Art is also being used as a tool for maintaining good health. Heather O'Neill, a nurse and health visitor with a degree in fine art, who is employed by Croydon Primary Care Trust, encourages people to draw during the health promotion workshops she runs for playgroups, nurseries, women's groups, family centres, play schemes and adults with learning disabilities. Topics include healthy eating, fitness and exercise, sun safety, smoking and drugs. "By drawing things, people remember more and they are interacting with the subject matter," she says. "One of the benefits of drawing is that it heightens perception and aids communication. Often while we are drawing we are not making eye contact, and people come up with all sorts of ideas and queries that they probably wouldn't bring up in a group or face to face.

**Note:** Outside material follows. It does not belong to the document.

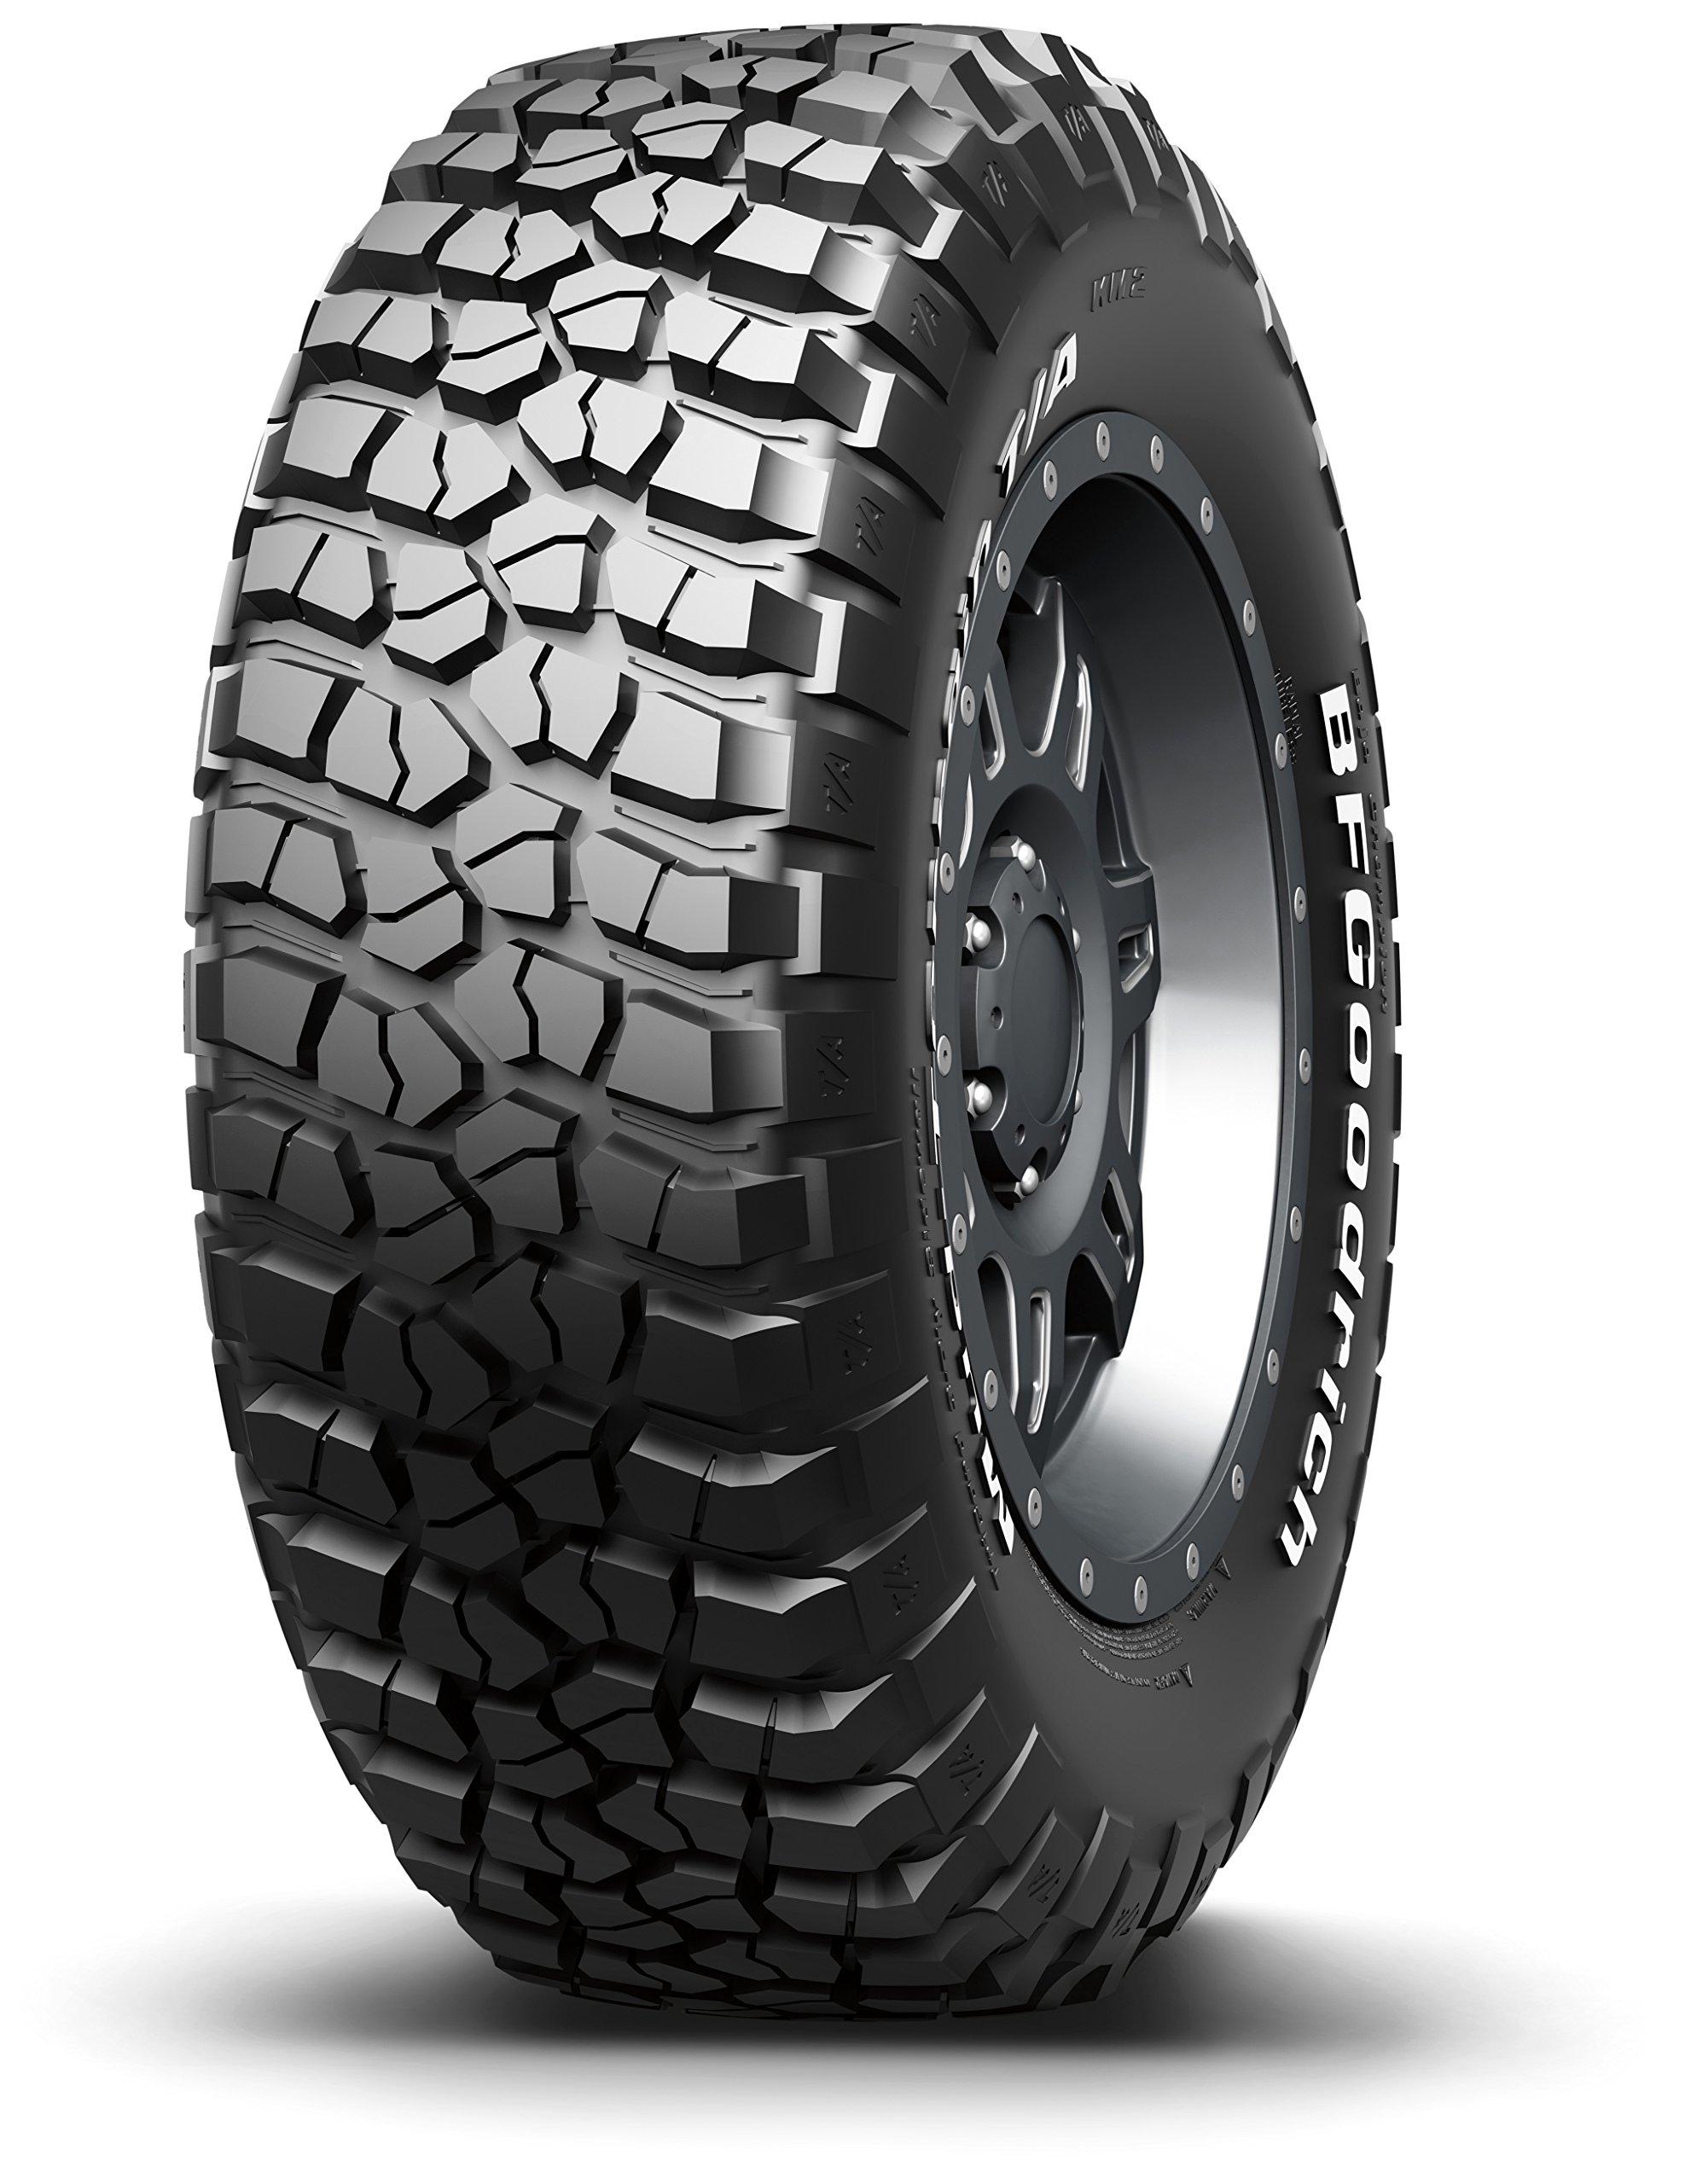 BFGoodrich Mud-Terrain T/A KM2 All-Terrain Radial Tire - 35x12.50R17/D 119Q

It's really quite interesting what people tell me while they are drawing. Adults, for example, talk about all sorts of problems that they would be too embarrassed to discuss if they were making eye contact with you."

During her sessions, clients have helped produce the biggest drawing in the world on an 11m sheet of lining paper. It was made last year as part of The Big Draw, a series of public drawing events and competitions. The annual project is organised by the Campaign for Drawing, which was set up in 2000 by the Guild of St George, a small charity, to celebrate the centenary of the death of its founder, the artist, art critic and social reformer John Ruskin. He believed that drawing is as essential to life as reading or writing. Khalida Perveen would agree with him.

SO WHAT'S THE BIG DRAW?

Every national gallery and museum in the UK will be taking part in this year's The Big Draw, as well as hospitals, stately homes, art clubs, schools, shopping centres, churches and beaches. The Independent is The Big Draw's media partner.

The month-long event will be launched on 26 September in Trafalgar Square. Artists, architects, dancers and unicyclists will be encouraging the nation to start drawing. Rolf Harris will be leading hundreds of professional and amateur artists as they aim to recreate John Constable's The Hay Wain on a giant scale. Quentin Blake, patron of The Campaign for Drawing, will also be on hand.